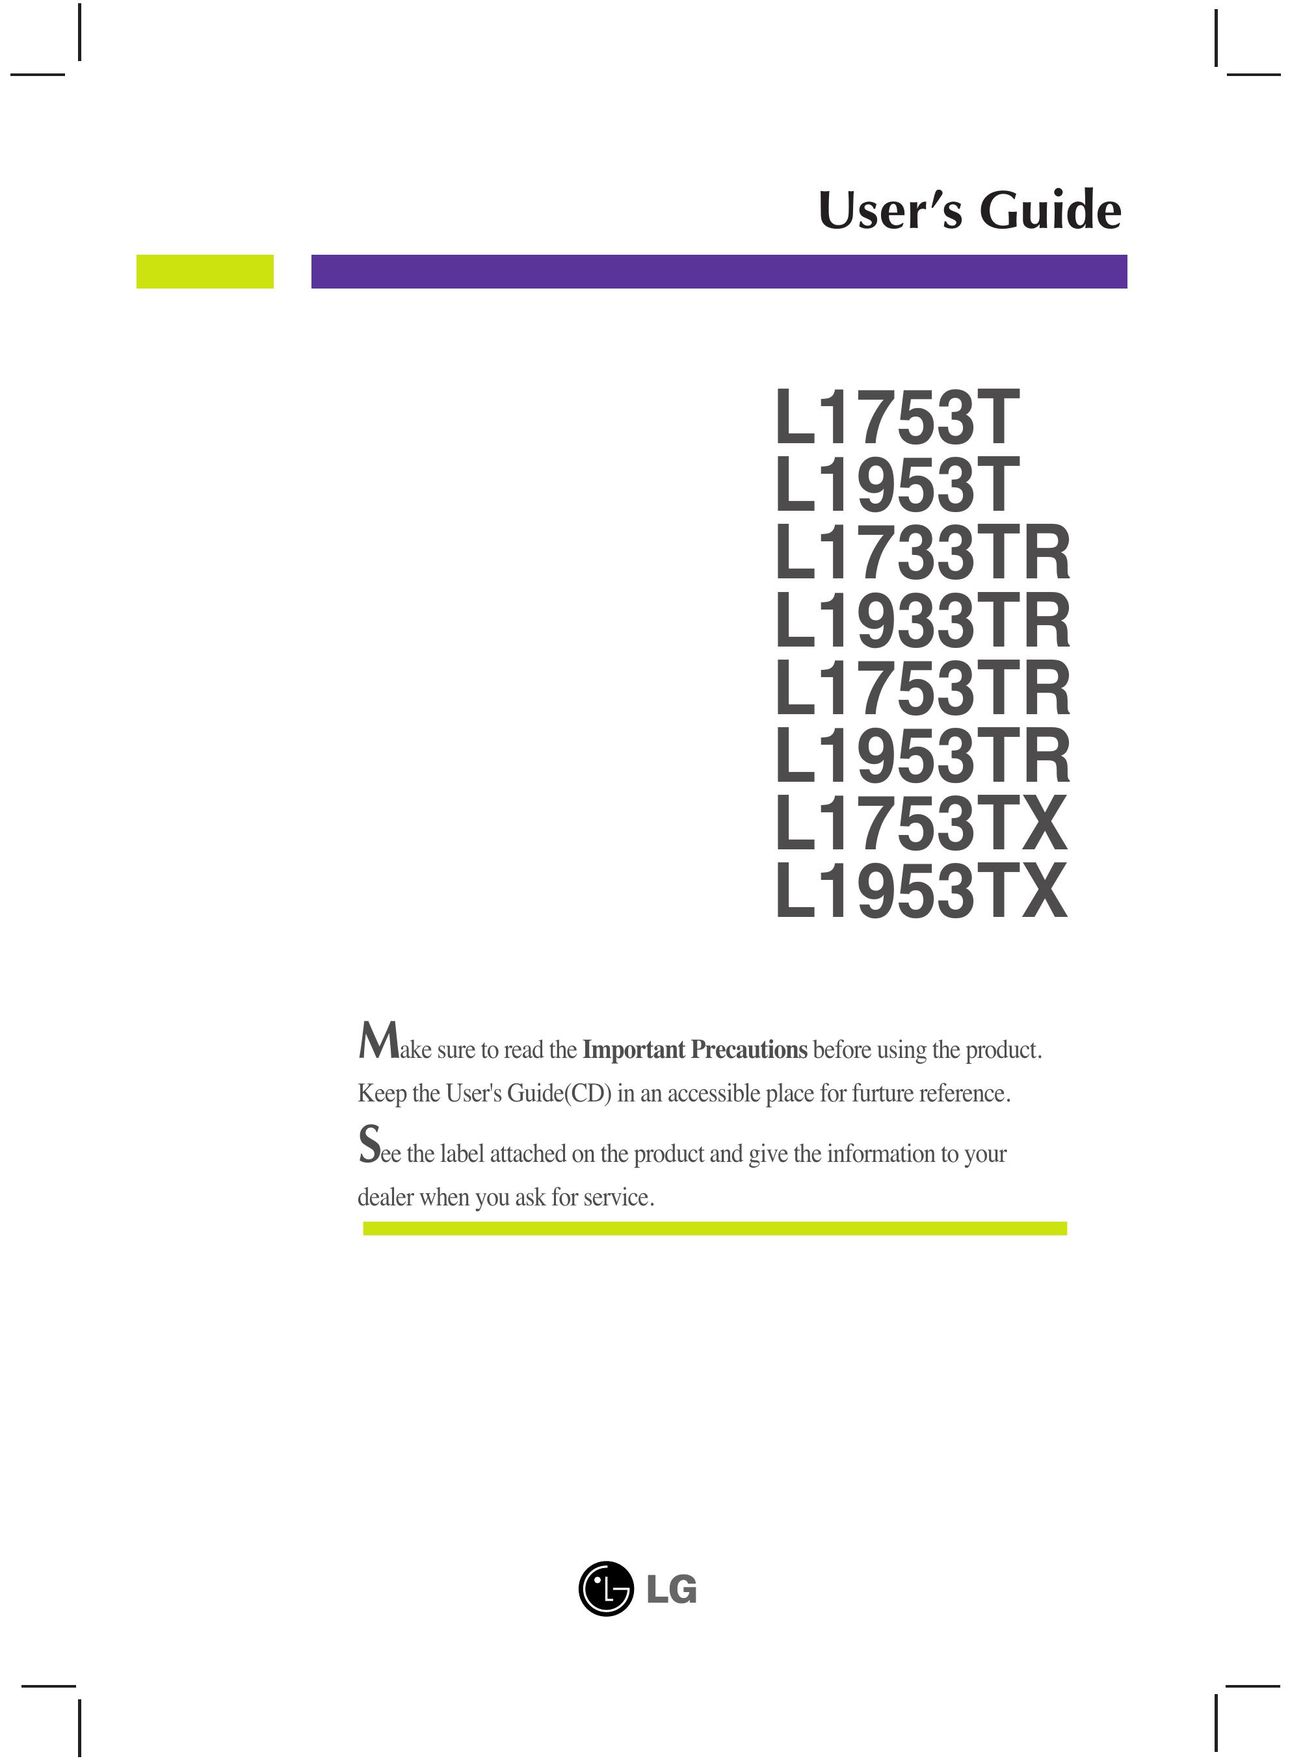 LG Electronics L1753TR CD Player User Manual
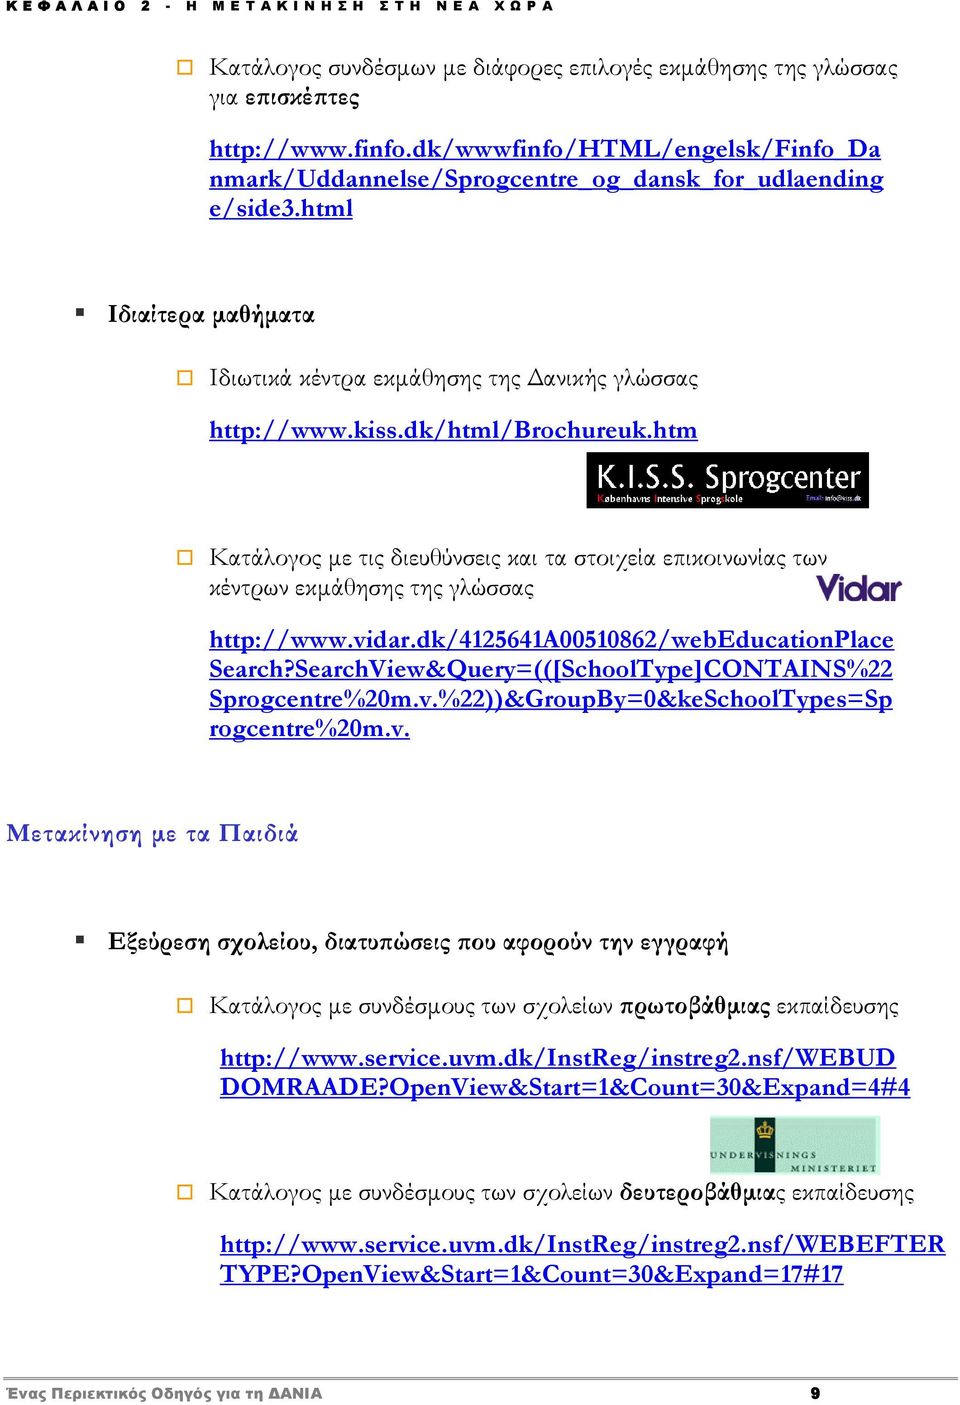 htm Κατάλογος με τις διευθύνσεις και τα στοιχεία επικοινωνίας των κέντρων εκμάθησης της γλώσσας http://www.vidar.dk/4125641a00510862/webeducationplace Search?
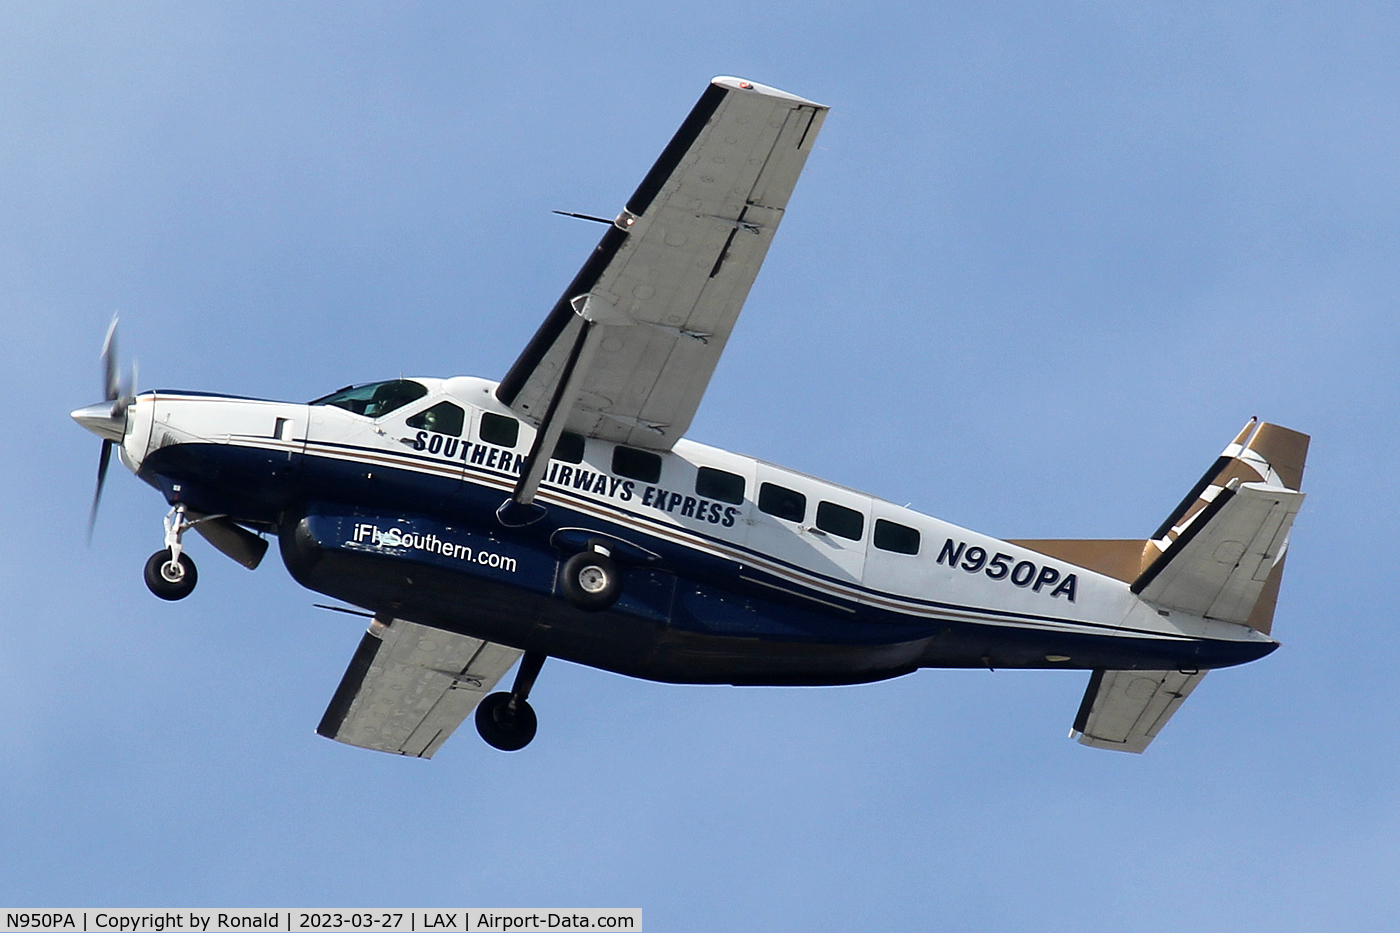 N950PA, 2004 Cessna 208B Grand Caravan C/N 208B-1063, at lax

■ ■ ■ ■

* _WORK INSTRUCTION_
Begin at the line containing "htm Κατάλογος με" and stop at the last line of the data. Repeat only those lines, exactly, and leave out the pictures.

* _ANSWER TO THE EXERCISE_
 htm Κατάλογος με τις διευθύνσεις και τα στοιχεία επικοινωνίας των κέντρων εκμάθησης της γλώσσας http://www.vidar.dk/4125641a00510862/webeducationplace Search?
 N950PA, 2004 Cessna 208B Grand Caravan C/N 208B-1063, at lax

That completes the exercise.